Se un investimento di 50 cent in carta da fotocopie, solo per scrivere “negri di merda” e buttarle per strada, merita giorni e giorni di analisi psicosociali a 8 colonne, se 20 cent di vernice a spruzzo per scrivere “raus” in un muro merita l’alzata di scudi di tutte le forze politiche, se 2 euro di benzina tirata contro un’auto parcheggiata, ci fa gridare all’arrivo della camorra, tanto da meritare la solidarietà (pelosa) di partiti, amministrazioni comunali e notabili locali, corriamo il rischio di essere noi a creare il mostro che non c’è. Con tutto l’amore che provo per la benemerita, attendiamo almeno che siano le loro stesse indagini a dirci chi è stato e soprattutto il perché. Ho letto ieri in un pezzo “che si allunga l’ombra…” di qualcosa ma non ricordo piu’ di chi era questa ombra, ma certamente un’ombra che si allunga, evoca drammoni noir a prescindere.

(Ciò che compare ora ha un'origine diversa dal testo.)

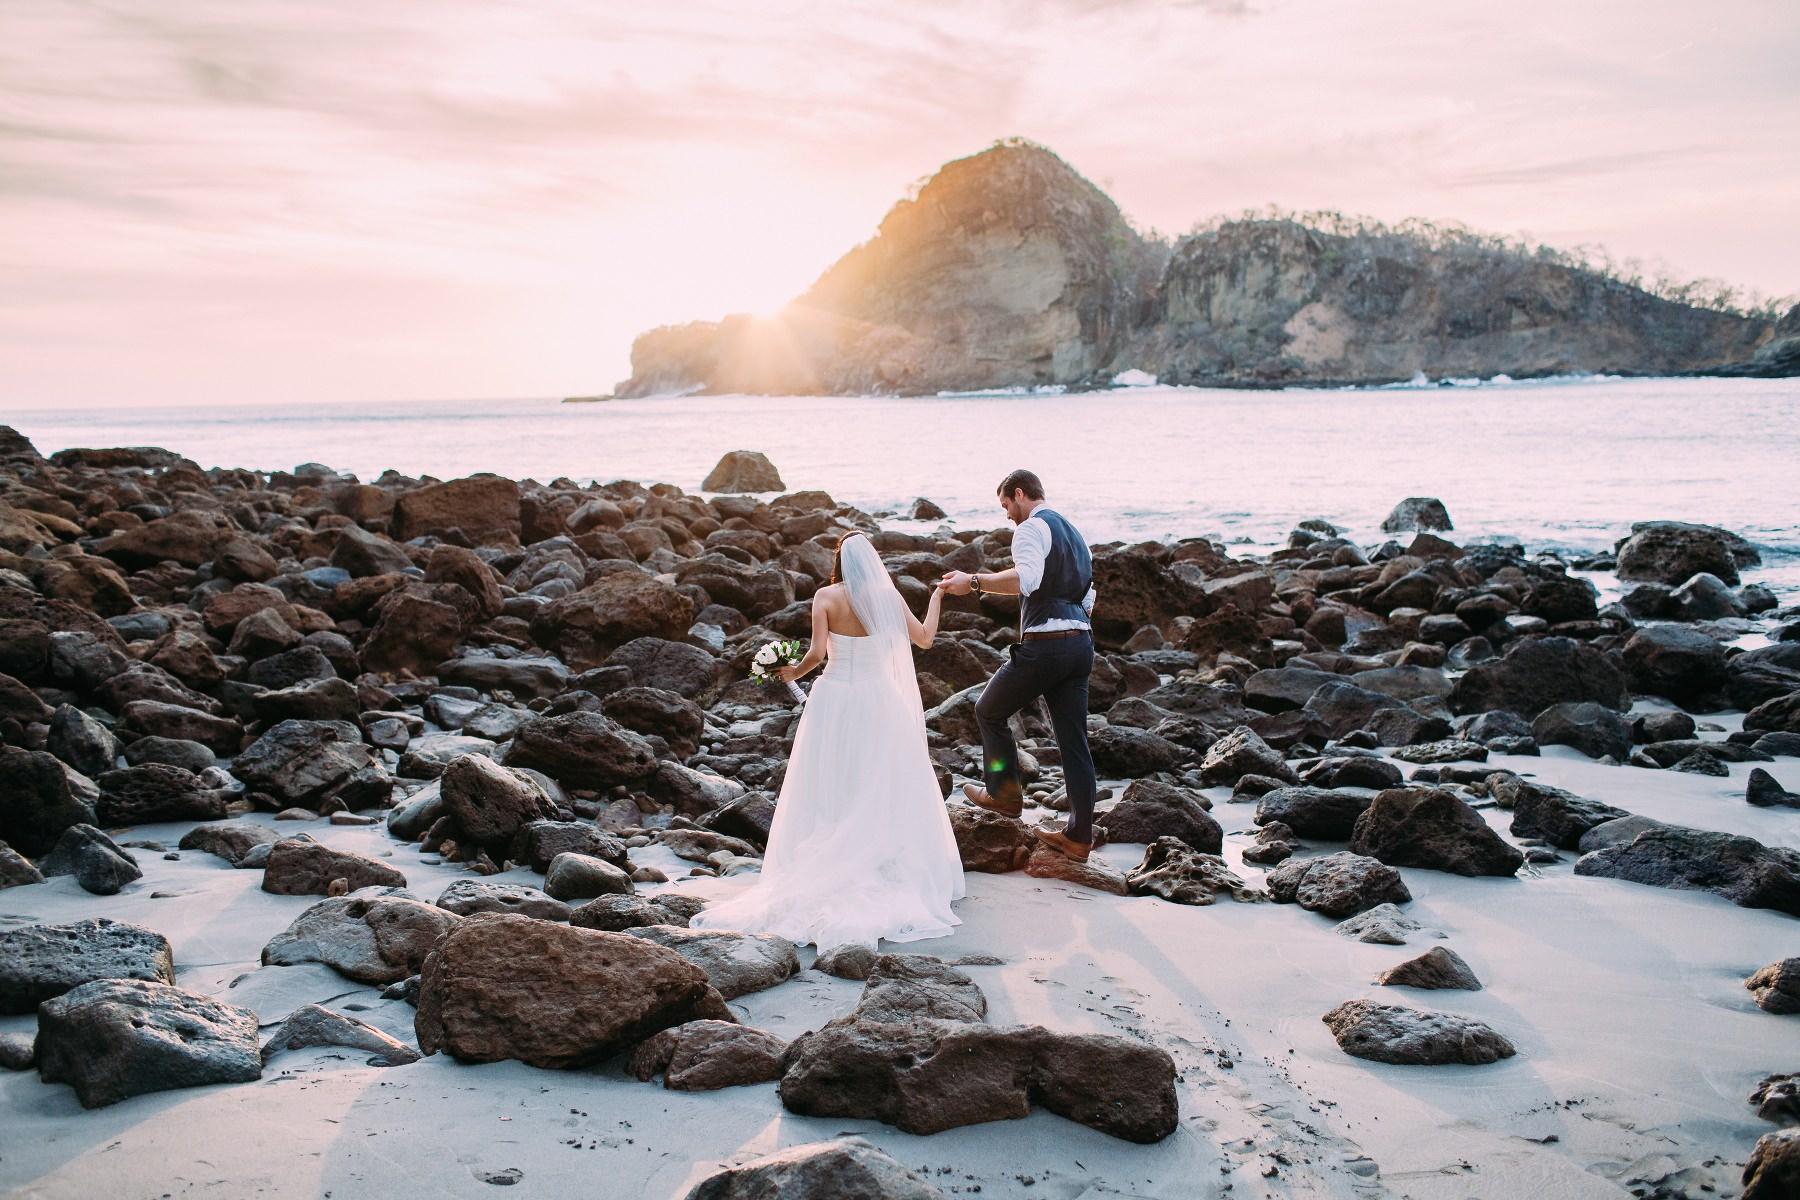 Wedding venue photography - Nicaragua

Chi butta volantini per strada magari è solo un cittadino con le “beneamate” piene del casino di notte, ma forse anche solo uno psicopatico narcisista, che con nessun rischio e poca spesa, si grogiola del polverone creato. Forse non sono neppure i “negri di merda” il vero obbiettivo dei suoi volantini, forse è un mitomane in cerca delle prevedibilissime reazioni di stampa e opinione pubblica: il vero oggetto delle sue attenzioni. Forse solo per dare un senso ad una esistenza vuota. Forse, piu’ semplicemente, il desiderio di cavalcare l’onda della pubblicità politica in cerca di qualcosa di importante da dire al mondo. Un mondo iperconnesso e superinformato, ma in cui manca alla fine proprio l’informazione vera: la conoscenza.

Tutto sta diventando iperbolico, tutto deve essere supercomunicato, tutto gonfiato, esaltato, esecrato… Il rischio è che alla fine di questa fiera del nulla, in un mondo di rospi dal petto gonfio, non riusciamo piu’ a distinguere i rospi dai buoi, fino a che i primi, immancabilmente, non scoppiano!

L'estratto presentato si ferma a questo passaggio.